1.3 research object and characteristics of visual search visual big data resources

The research of visual search has gradually developed into the main research trend in the field of information retrieval. So far, the definition of visual search has not formed a unified understanding, but from the perspective of information retrieval, everyone's general understanding of it refers to an information retrieval method that takes visual resources in the objective physical world as the retrieval object and obtains relevant information through the Internet. It is a comprehensive and applied frontier field, which takes the visual big data resources and related information as the research object, the acquisition, analysis, organization, understanding and expression methods of the visual big data resources as the main research content, the information technology and methods as the main research means, and the discovery of the knowledge value contained in the visual big data resources and the expansion of its utilization ability as the main research objectives. This paper focuses on the analysis and utilization of massive, heterogeneous, dynamic, disorderly and rapidly evolving visual resources in the current big data environment, focusing on how to make full use of rapidly developing information technology to solve the understanding and expression of visual big data resources, how to effectively realize visual search, and how to use visual search technology to discover new knowledge from massive visual big data resources.

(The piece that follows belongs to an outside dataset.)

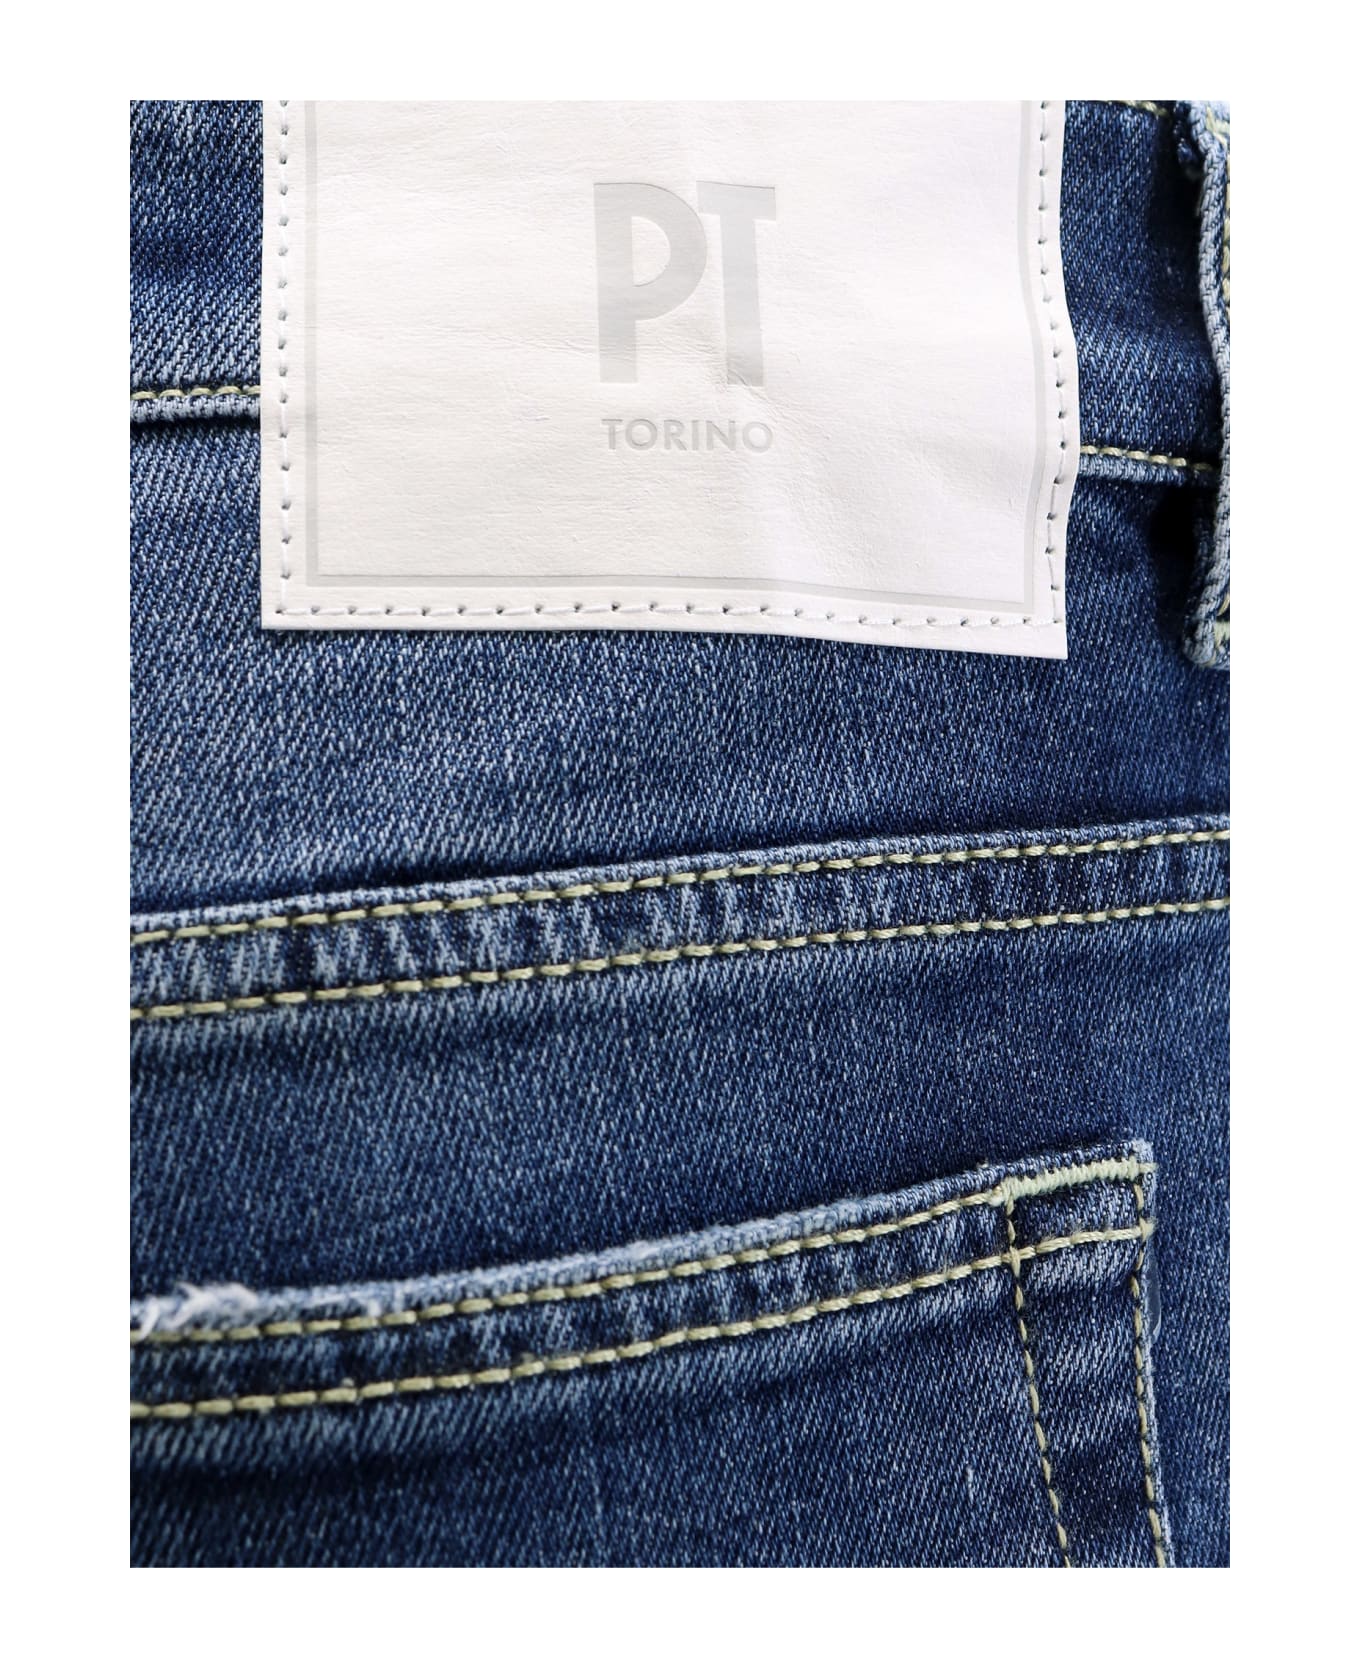 PT Torino Jeans - Denim
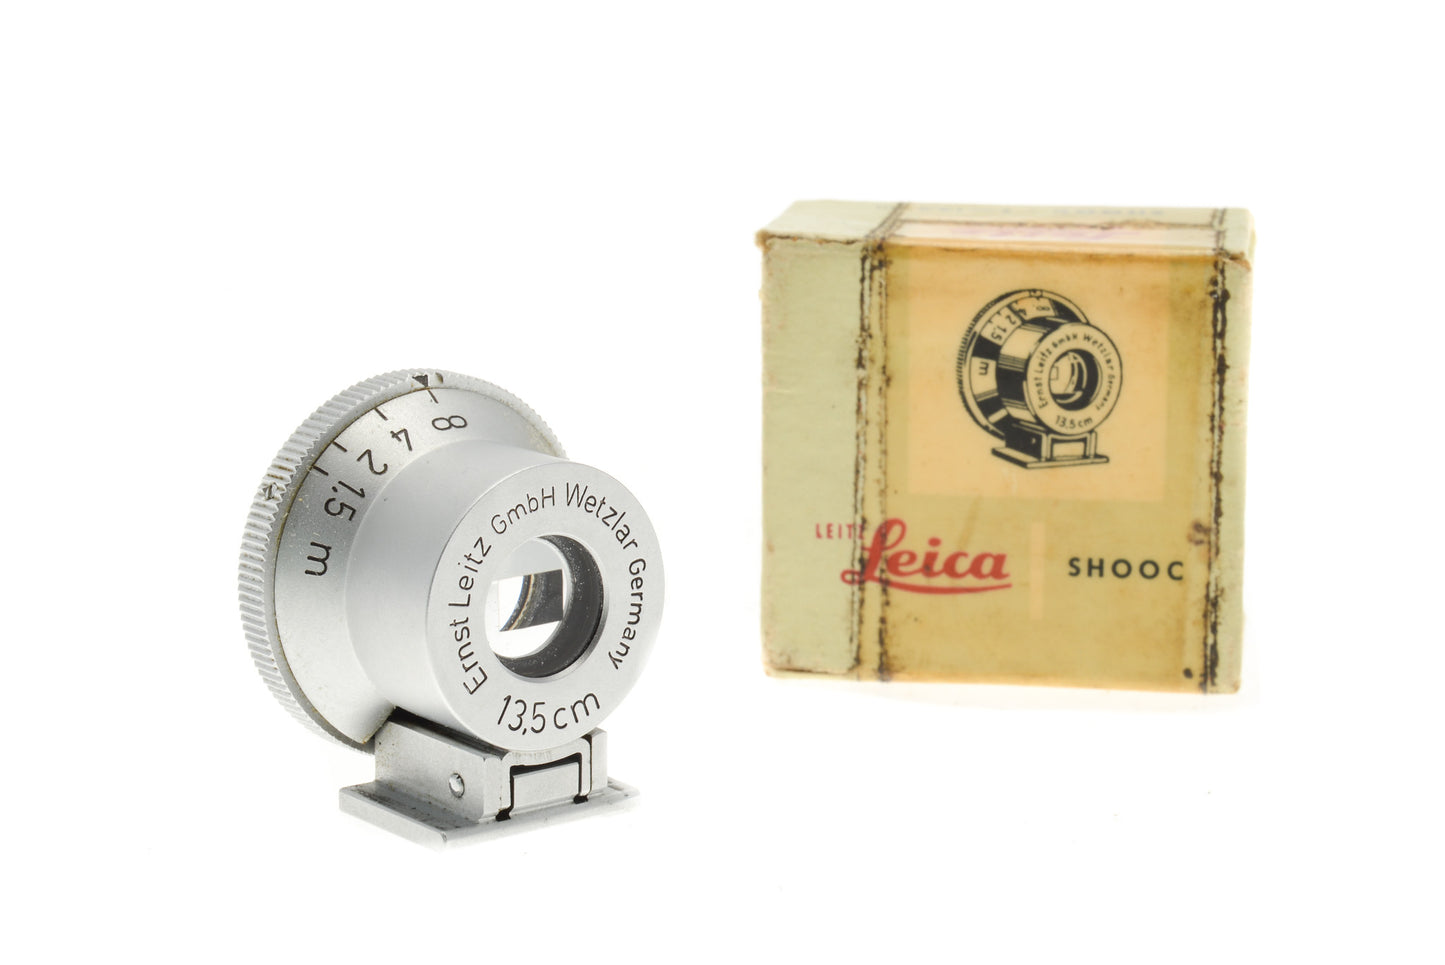 Leica 13.5cm Optical Viewfinder (SHOOC)

There is no doubt that the future is an era of wisdom (or "internet plus"). The rapid development of theories and applications such as smart earth, smart city and smart library provides "fertile soil" for visual search theory and application research. With the rapid increase of data scale derived from the internet plus era, text, images, audio and video, user interaction information and various sensory information will become the mainstream of the "data ocean", and more than 80% of these data sources come from human visual channels. At present, the most important means to grasp the future development of information retrieval and knowledge service in the era of "internet plus" may be visual search.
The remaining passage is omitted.